▶ **PROMPT**
What you should give back is a precise copy of the lines below from the one containing "remotorisation loco" through the one containing "DIVERO 3-Sitzer Gartenbank", with no pictures.
### RECORD EXTRACTS
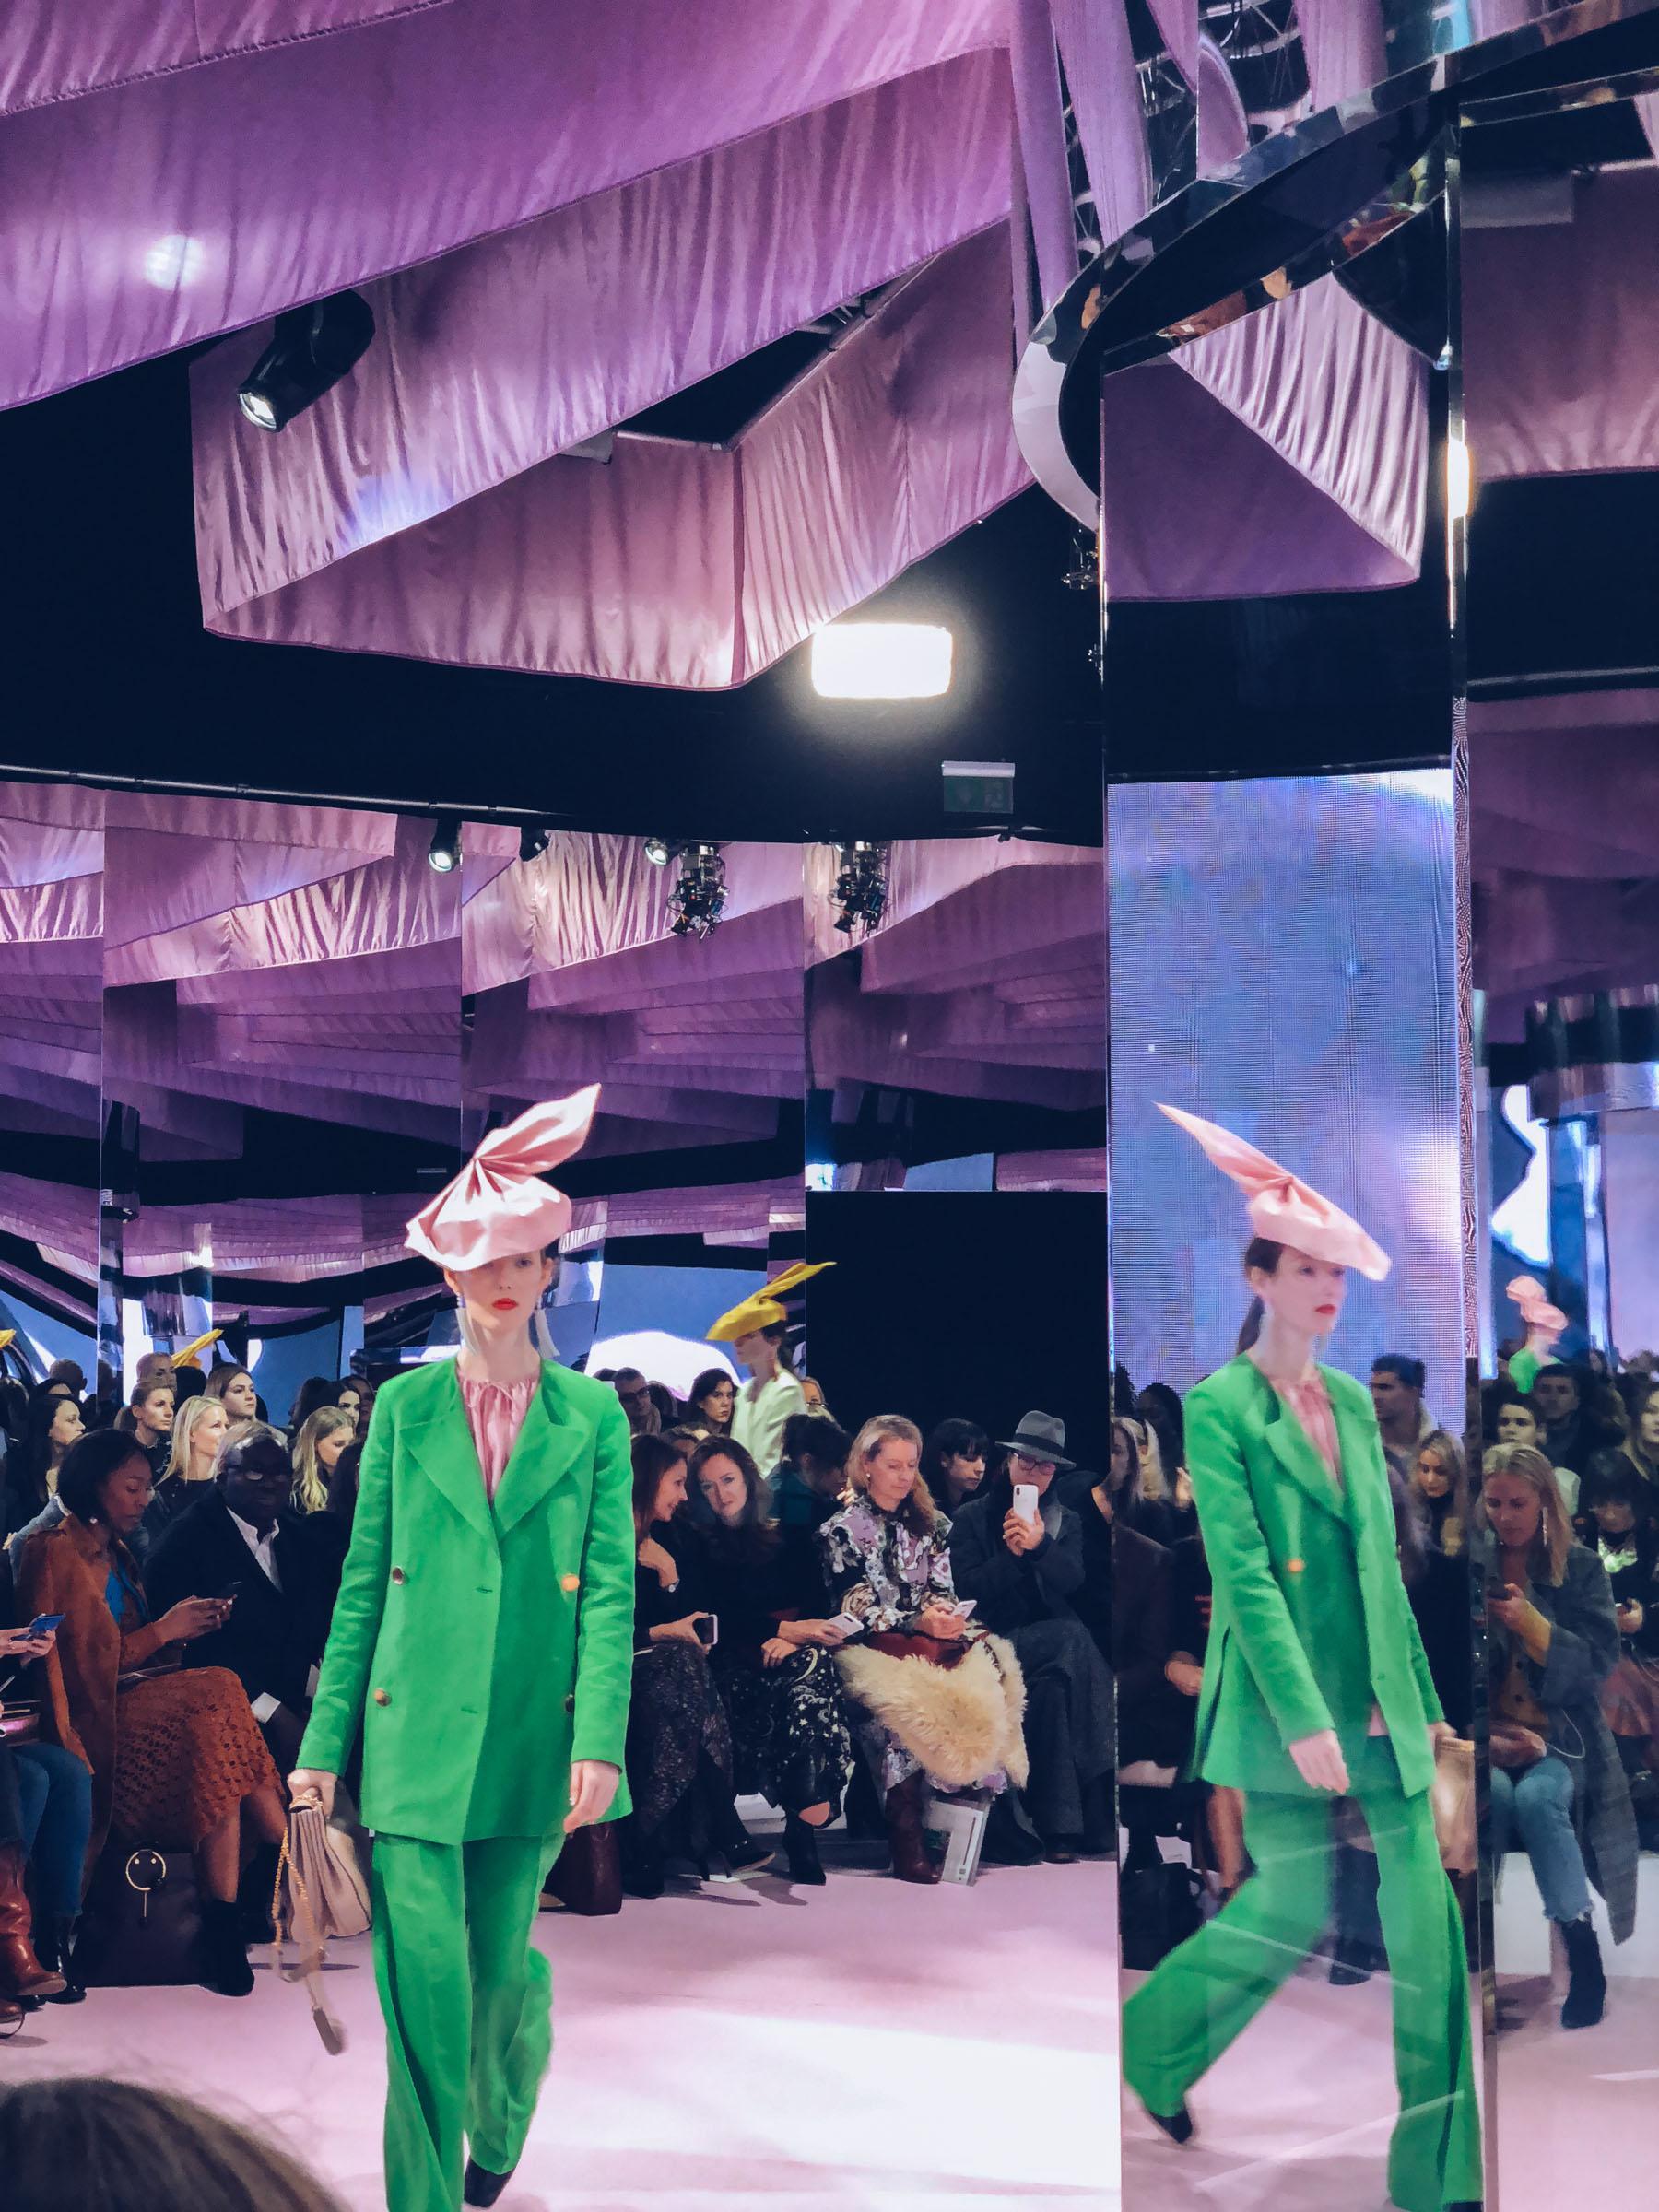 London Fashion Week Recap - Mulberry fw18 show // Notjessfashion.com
######
### RECORD EXTRACTS
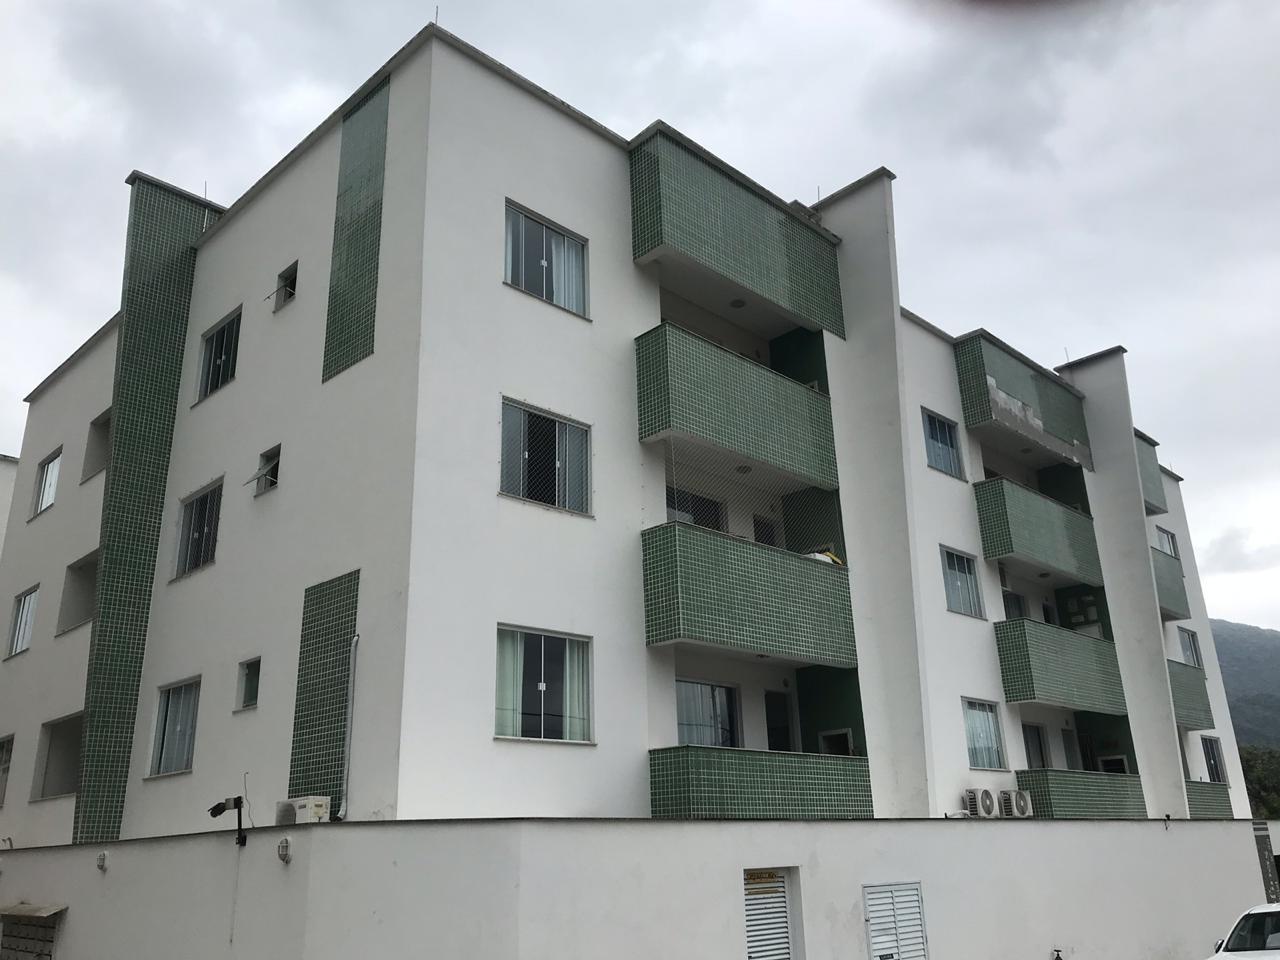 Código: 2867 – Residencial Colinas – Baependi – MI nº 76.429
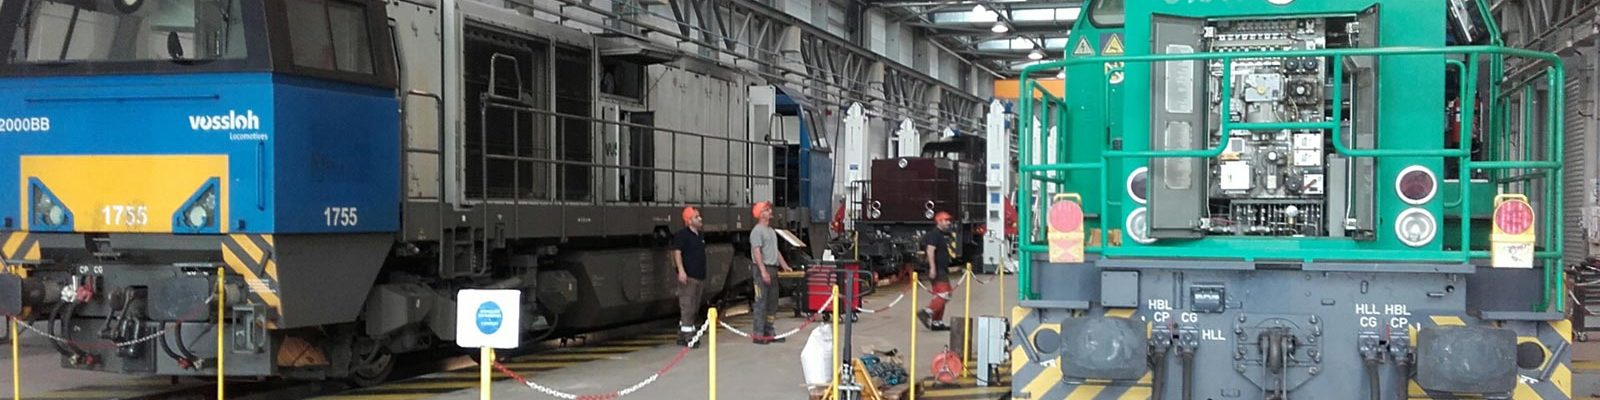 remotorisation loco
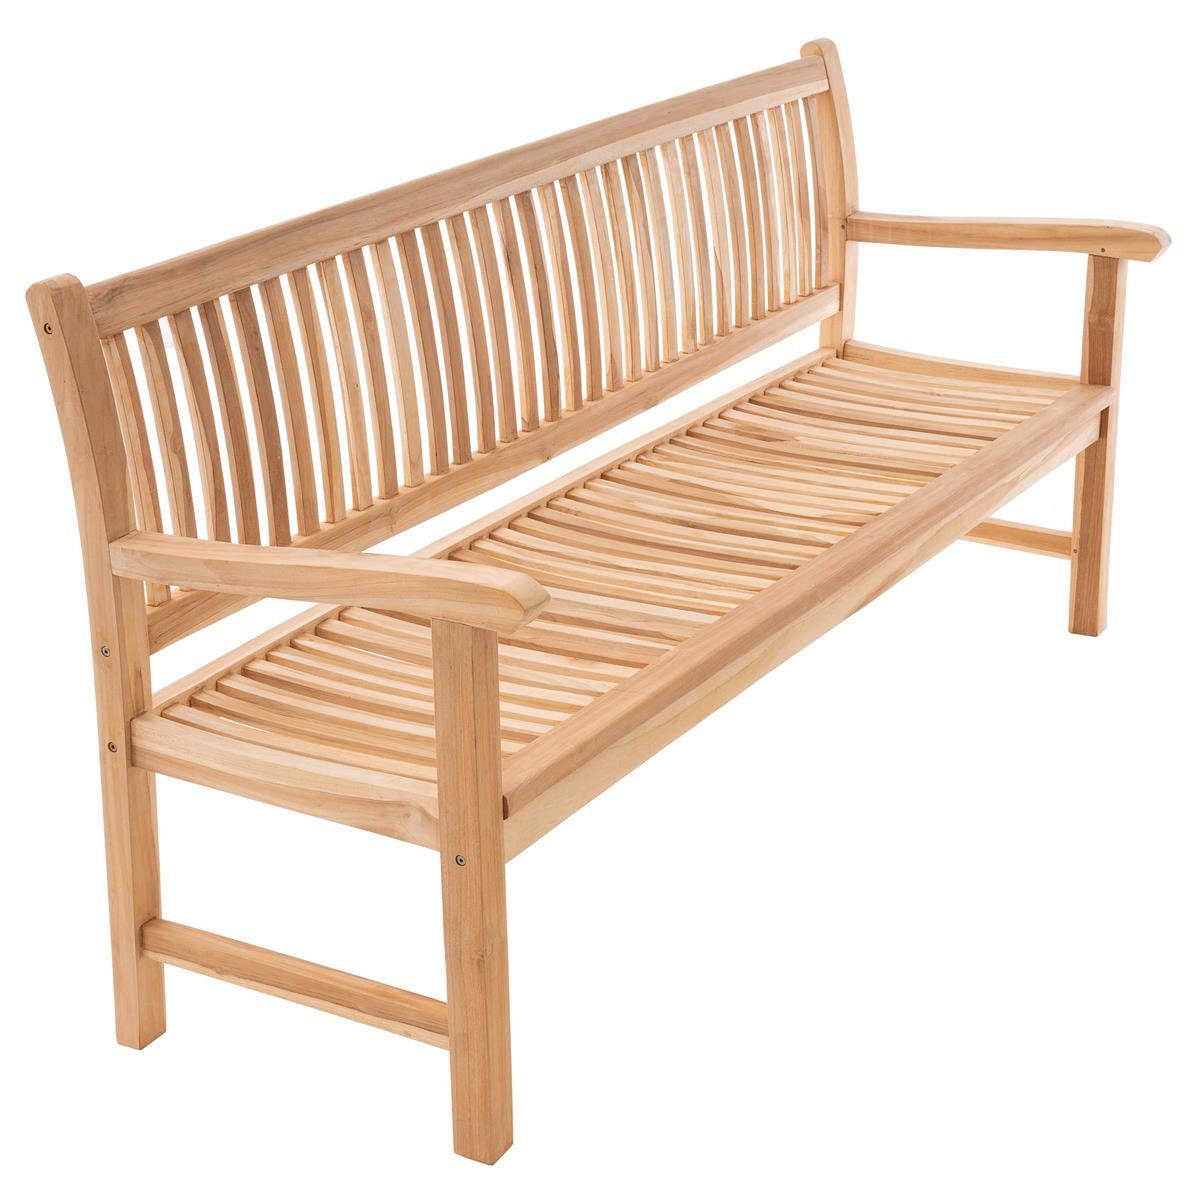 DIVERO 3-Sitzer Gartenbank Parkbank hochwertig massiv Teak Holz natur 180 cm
######
▶ **RESPONSE TO THIS EXERCISE**
 remotorisation loco
 DIVERO 3-Sitzer Gartenbank Parkbank hochwertig massiv Teak Holz natur 180 cm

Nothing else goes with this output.